I did not know that - I always thought that a compound index would be used for a query against a subset of those columns provided the subset was a prefix of the overall list - so in your example, a query on surname would use the index but a query on firstname and dob would not.
Don't assume that once you make your query run perfectly it will stay that way for ever. Once row count grows, your query might start to perform very poorly. Happened to me just recently, when a query was running in the 0.0001s range, but over night crawled to a halt and took 1 minute(!) to execute. Always pay attention to your querys and monitor if anyone of them is starting to slow down.
Don't expect some gradual curve of loss of performance. Once a table exceeds the cache size an ok performing query can go very bad with no warning (say 100x longer). This might mean that you really need to do a production patch of some type. Plan for this before it happens.
It's possible I'm using it wrong, did get much past trying it out. Fairly easy to roll my own rough timer in a DB wrapper, haven't got around to finishing this yet though.
There is likely some overhead for this feature, as it needs to make more system calls (getrusage).
And measure every optimization you make, too :) I saw someone doing an optimization that should have accelerated the processing, only to discover once in production it was 4x slower.

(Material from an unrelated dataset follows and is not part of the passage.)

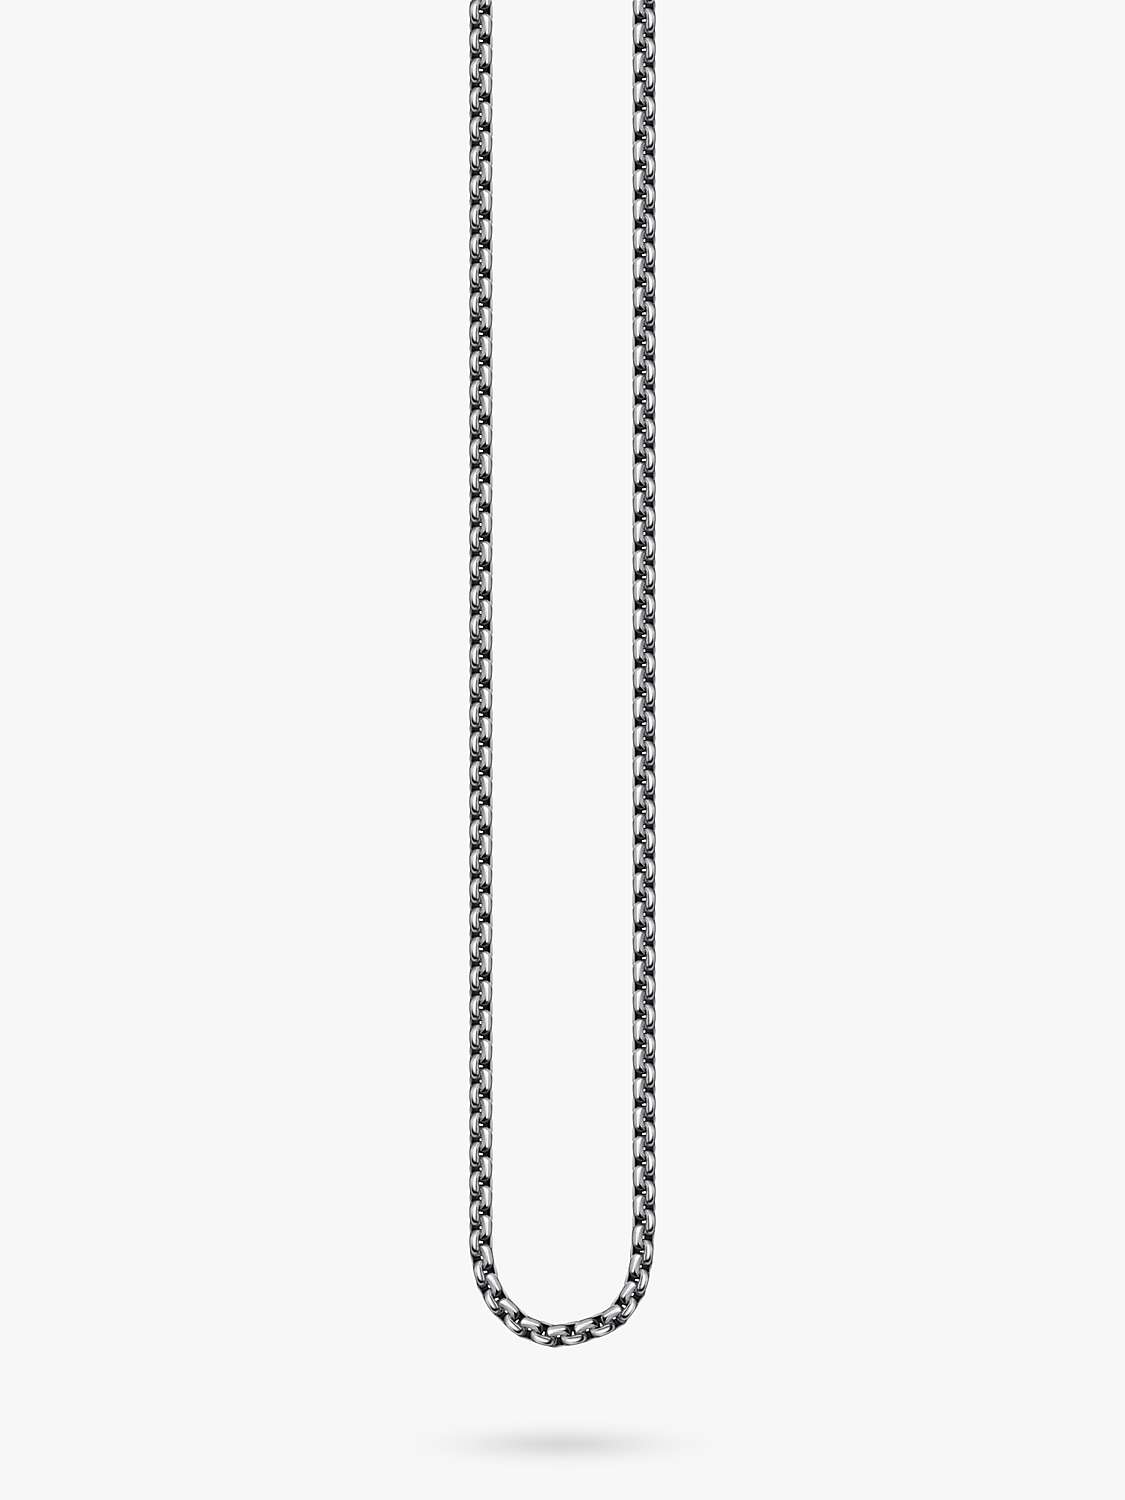 Buy THOMAS SABO Men's Venetian Chain Necklace, Silver Online at johnlewis.com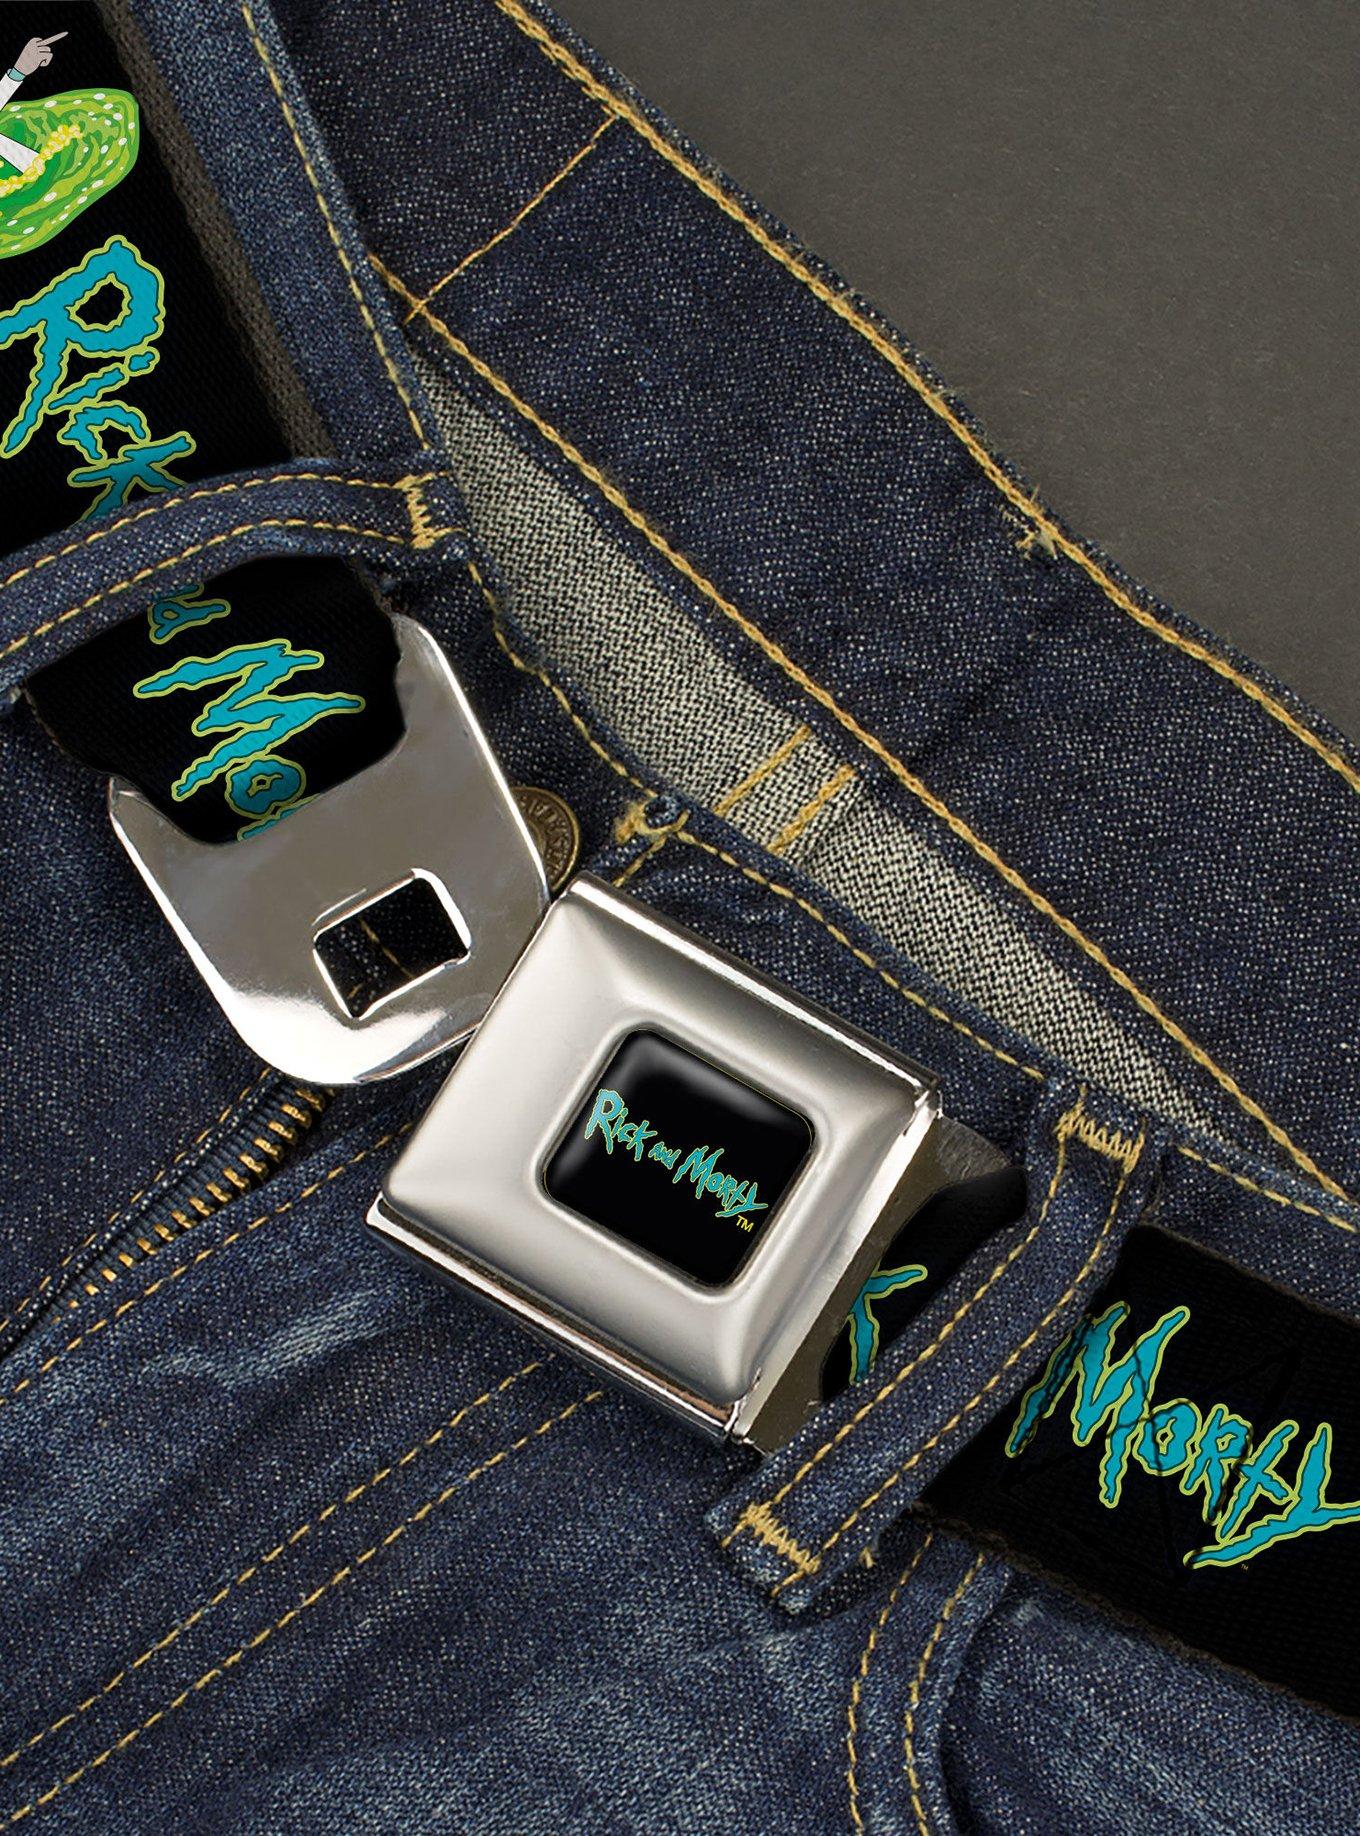 Rick And Morty Title Logo And Middle Finger Portal Jump Youth Seatbelt Belt, , hi-res

I love SQL and find it easy to solve problems with it. But I feel the opposite for ORMs. It adds another "learning barrier" for me. I hate it because sometimes I know how to solve a problem in SQL but have a really hard time solving it using the ORMs syntax. I have my doubts on it because at the start of the project you are supposed to define what DB you will be using.
Also, am I the only one who wasted countless hours trying to figure out how to execute a query using an ORM? While being absolutely sure how to do it with SQL?
This is my current situation. I am not that experienced and have a lot to learn. That is why I will be spending more time learning the ORMs I will be using and more hours figuring it out :)
Maybe it comes from having started building web and db apps for large enterprises where the DB was the nucleus of the operation and the apps the satellites. It seems among the web crowd it's the opposite - the app is the nucleus, with the DB and presentation layer the satellites, resulting in ORM among other things.
In those enterprises, access to the DB's was strictly controlled by the DBA team and data made available to apps via stored procs only. The app devs would request a stored proc with certain parameters that would return a certain dataset, and the DBA team would implement it and grant access to that app only (or grant access to an already-existing sp that did the same thing).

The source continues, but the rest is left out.